I have to tell you, I think Ailbhe Griffith is a braver person than me. I would never have wanted to go through what she went through in the restorative process. Nor do I think I’m capable of the same level of forgiveness she is (if that’s the right word for it). 

Although I do know that “getting your power back” is often the least thing that can happen in the process, and how powerful (to coin a phrase) that can be for many people who have had to deal with the traumatic aftershock of an assault.

But there are other insights in Ailbhe’s story that, every time you come across them, are deeply troubling. Her attacker wasn’t interested in sexual gratification. He wasn’t even really interested in attacking her as a person. His attack was motivated by hate — and it was hatred of women. “I saw your high heels, and I just lost it,” he said to her years later.

His attack on her was not — it never is — an attack of lust or sex. It was misogyny. Hatred of women. That’s the exact definition of the word. Hatred of women.

I’ve written here before that we ought to consider making misogyny itself a crime, rather than just some of the things that flow from it. Rape is the result of misogyny. But so is domestic violence, so is coercive behaviour. So are many of the forms of discrimination that affect women, in the workplace and elsewhere.

And so are dirty jokes. So is pornography.

But you know what’s happening now, all over the world? Anyone who raises as much as a whimper about misogyny is immediately accused of being an enemy of free speech. Our own Government has backed away from a reasonable attempt to update hate speech laws because of incessant attack from the defenders of free speech.

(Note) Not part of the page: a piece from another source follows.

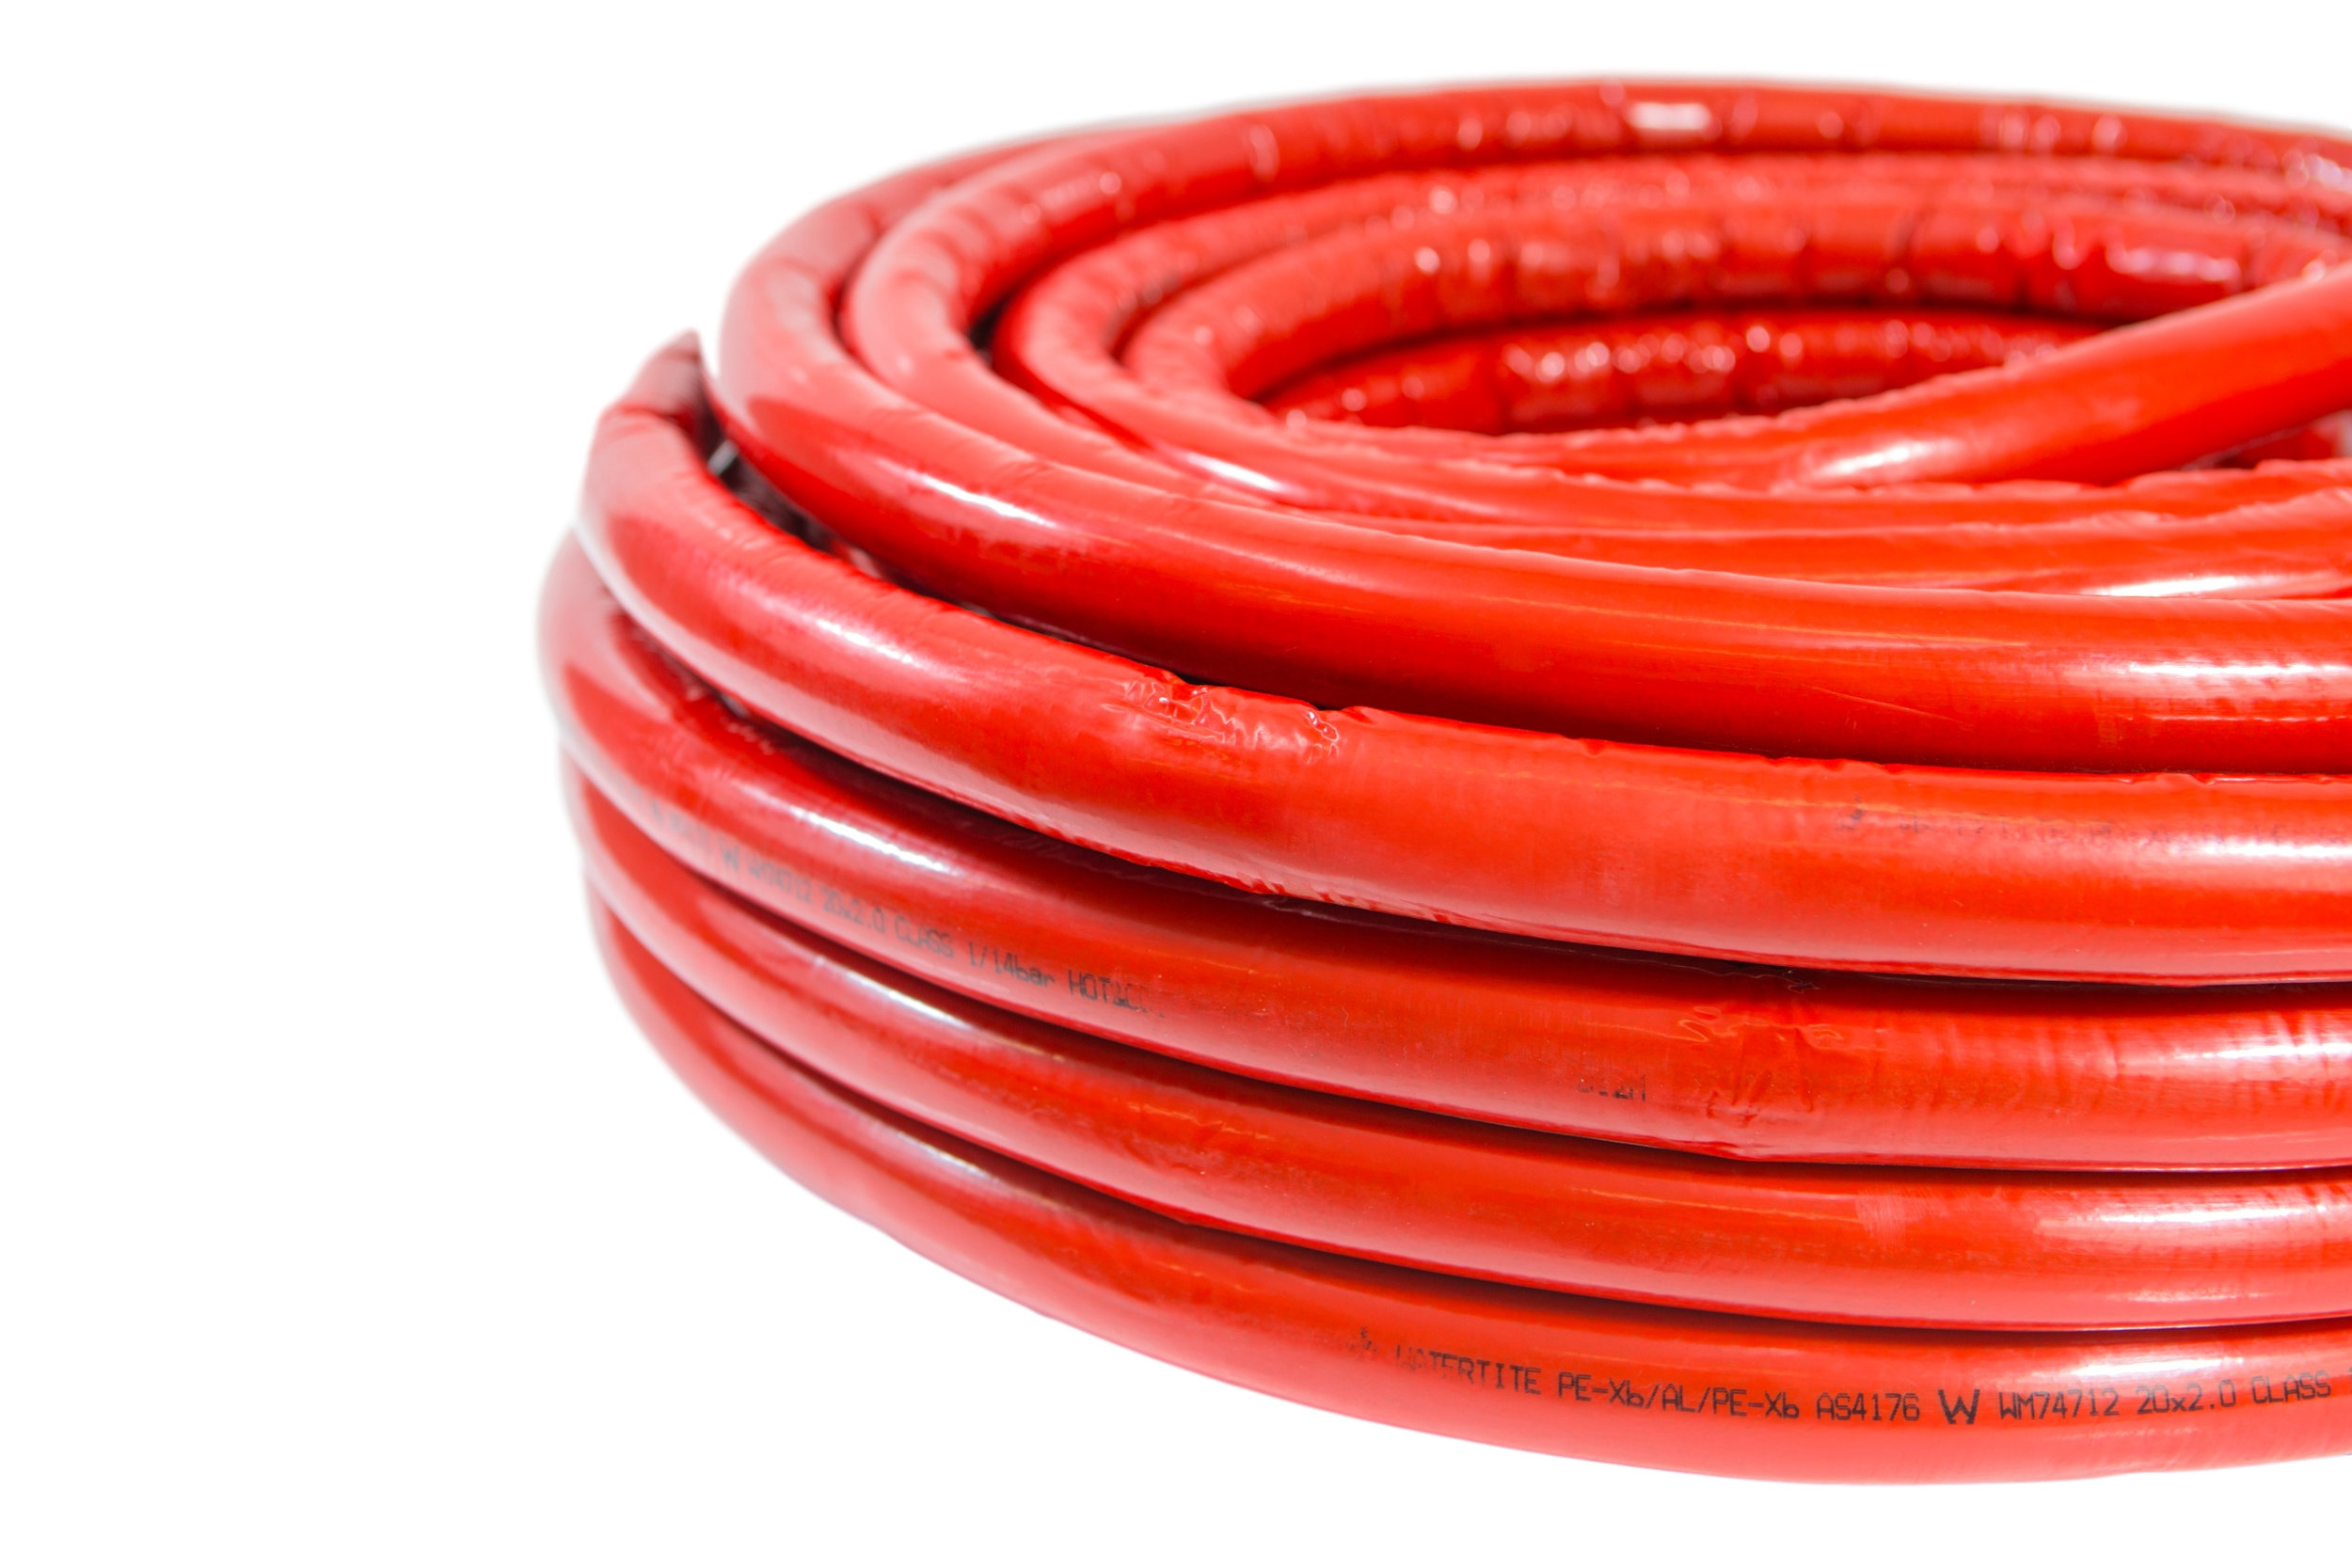 Pex-Al-Pex Pipe Coil - Insulated (Red)

All of the debate is going one way — even though it is the most hypocritical way possible. In Trump world, for instance, they talk constantly about the intrinsic nature of free speech, while doing everything they can to shut down anything that is critical of them. 

Misogyny is actually at the heart of a lot of the so-called Project 2025 proposals designed to set the agenda for Trump’s second term.

We’ve yet to see them in action, but there is a clear determination to start rolling back the gains made in terms of women’s rights over decades. The all-out assault on so-called “DEI” being spearheaded by Trump is not just about race or sexual orientation, as bad as that is, but it is also about putting women in their place. 

At the same time, the overturning of Roe v Wade, the judgment that codified a woman’s right to terminate her pregnancy, has opened a window into the future that many women saw as unthinkable.

It's hard to imagine, isn’t it, that only a few years have elapsed since the height of the “Me Too” movement, when women all over the world “got their power back” and the poisonous culture of misogyny was in retreat.

Here is where you end up. When misogyny dictates human behaviour, the result is brutal and cruel and we can all see it. When misogyny influences public policy the result is a total undermining of respect for equality and human rights. But it’s often subtle and we don’t see it until it’s too late.

Put it another way. When you listen to Ailbhe Griffith and hear her story, you understand exactly how corrosive misogyny is and what damage it can do. But right now, all over the world, misogyny is winning. 

And if that trend isn’t reversed, the damage will be profound. We don’t just need to listen to the Ailbhe Griffiths of this world. We need to be led by them.